4. Progressive development in the methods of science and philosophy has been characterised by
increase in the knowledge of relationships or correlations. Nature has been found to be a
multiplicity of interrelated forces.
Correlation and Causation
Correlation analysis helps in determining the degree of relationship between two or more variables—
it does not tell us anything about cause and effect relationship. Even a high degree of correlation does
not necessarily mean that a relationship of cause and effect exists between the variables or, simply
stated, correlation does not necessarily imply causation of functional relationship though the existence
of causation always implies correlation. By itself it establishes only covariation. The explanation of a
significant degree of correlation may be due to any one or a combination of the following reasons:
1. The correction may be due to pure chance, especially in a small sample: We may get a high
degree of correlation between two variables in a sample but in the universe there may not be
any relationship between the variables at all. This is especially so in case of small samples. Such
a correlation may arise either because of pure random sampling variation or because of the bias
of the investigator in selecting the sample. The following example shall illustrate the point:
Income Weight
(Rs.) (lb.)
10,000 120
20,000 140
30,000 160
40,000 180
50,000 200
The above data show a perfect positive relationship between income and weight, i.e., as the income
is increasing the weight is increasing and the ratio of change between two variables is same.
2. Both the correlated variables may be influenced by one or more other variables: It is just
possible that a high degree of correlation between variables may be due to the same causes
affecting each variable or different causes affecting each with the same effect. For example, a
high degree of correlation between the yield per acre of rice and tea may be due to the fact that
both are related to the amount of rainfall. But none of the two variables is the cause of the other.

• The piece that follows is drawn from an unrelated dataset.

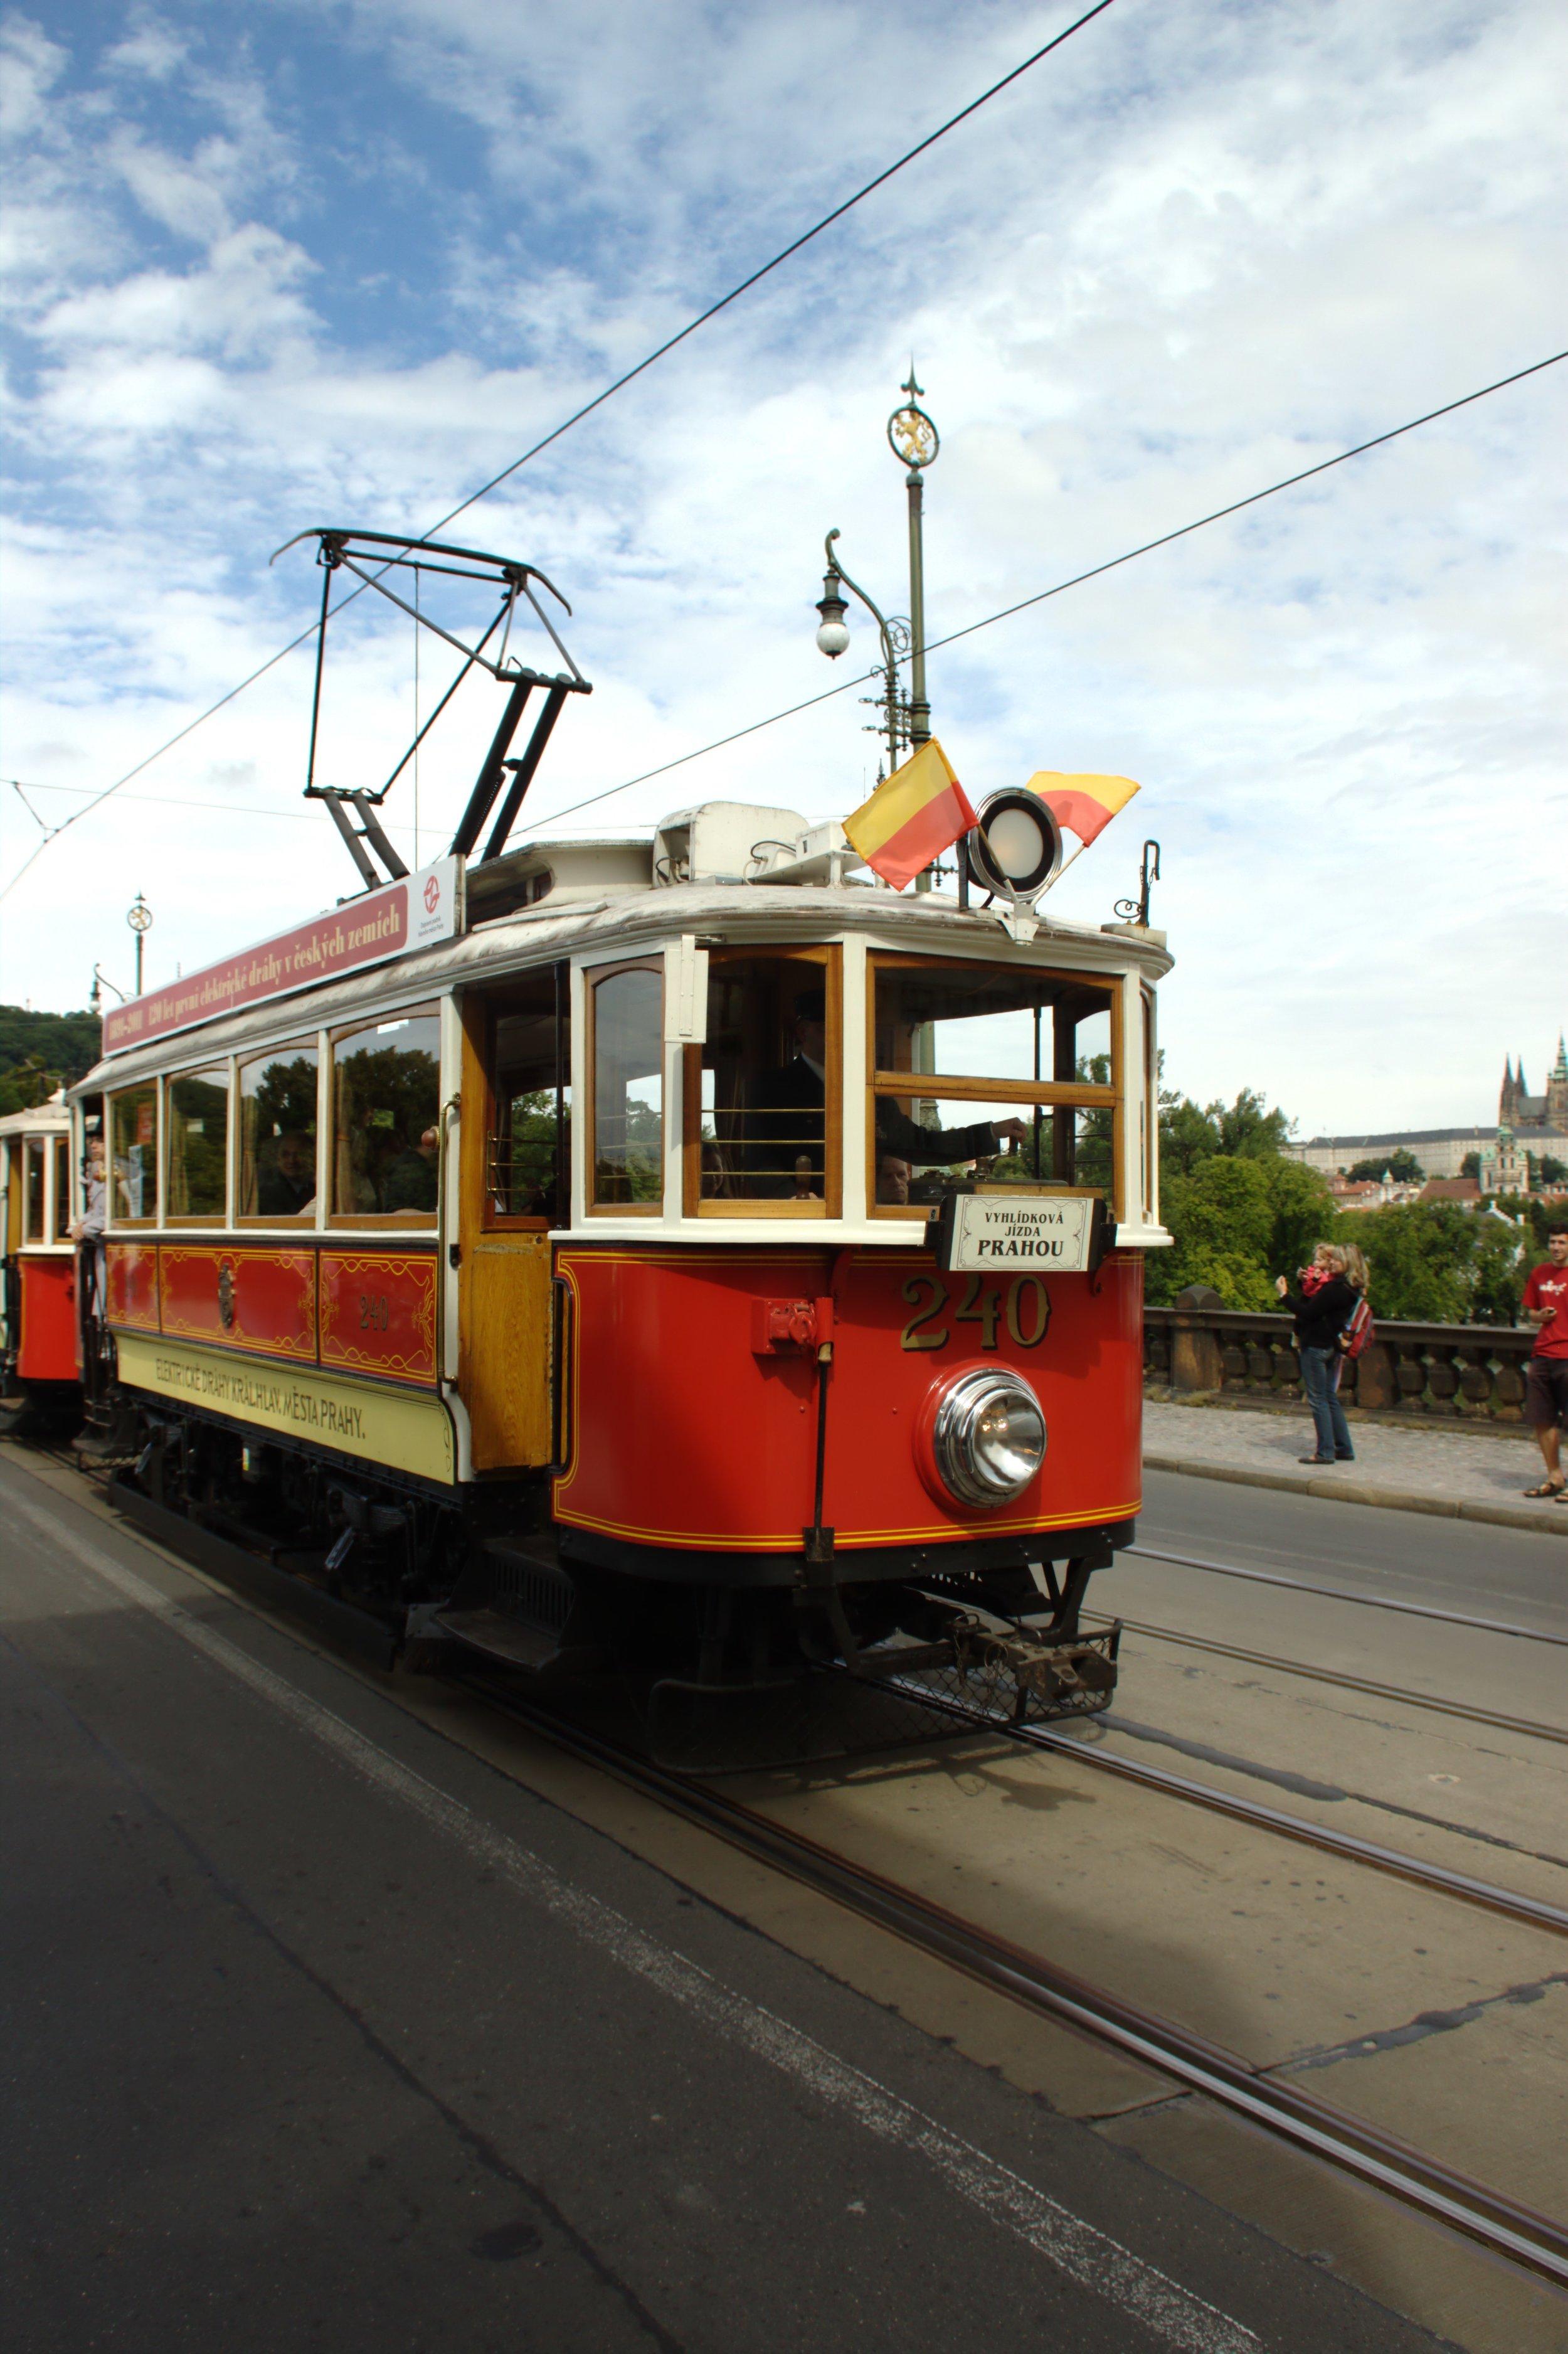 Vůz ev. č. 240 byl v roce 1908 dodán do Prahy, odkud zamířil v roce 1952 do Plzně (zde pod ev. č. 73). Na západě Čech byla tramvaj v provozu s cestujícími do roku 1959, poté byla ještě služební. V roce 1974 zamířila zpět do Prahy, kde dnes po opravě slouží ke komerčním jízdám. (zdroj: Wikipedia.org)

3. Both the variables may be mutually influencing each other so that neither can be designated
as cause and the other the effect: There may be a high degree of correlation between the variables
but it may be difficult to pin point as to which is the cause and which is the effect. This is
especially likely to be so in case of economic variables. For example, such variables as demand
and supply, price and production, etc., mutually interact. To take a specific case, it is a well
known principle of economics that as the price of a commodity increases its demand goes
down and so price is the cause, and demand the effect. But it is also possible that increased
demand of a commodity due to growth of population or other reasons may force its price up.
Now the cause is the increased demand, the effect the price. Thus at times it may become
difficult to explain from the two correlated variables which is the cause and which is the effect
because both may be reacting on each other.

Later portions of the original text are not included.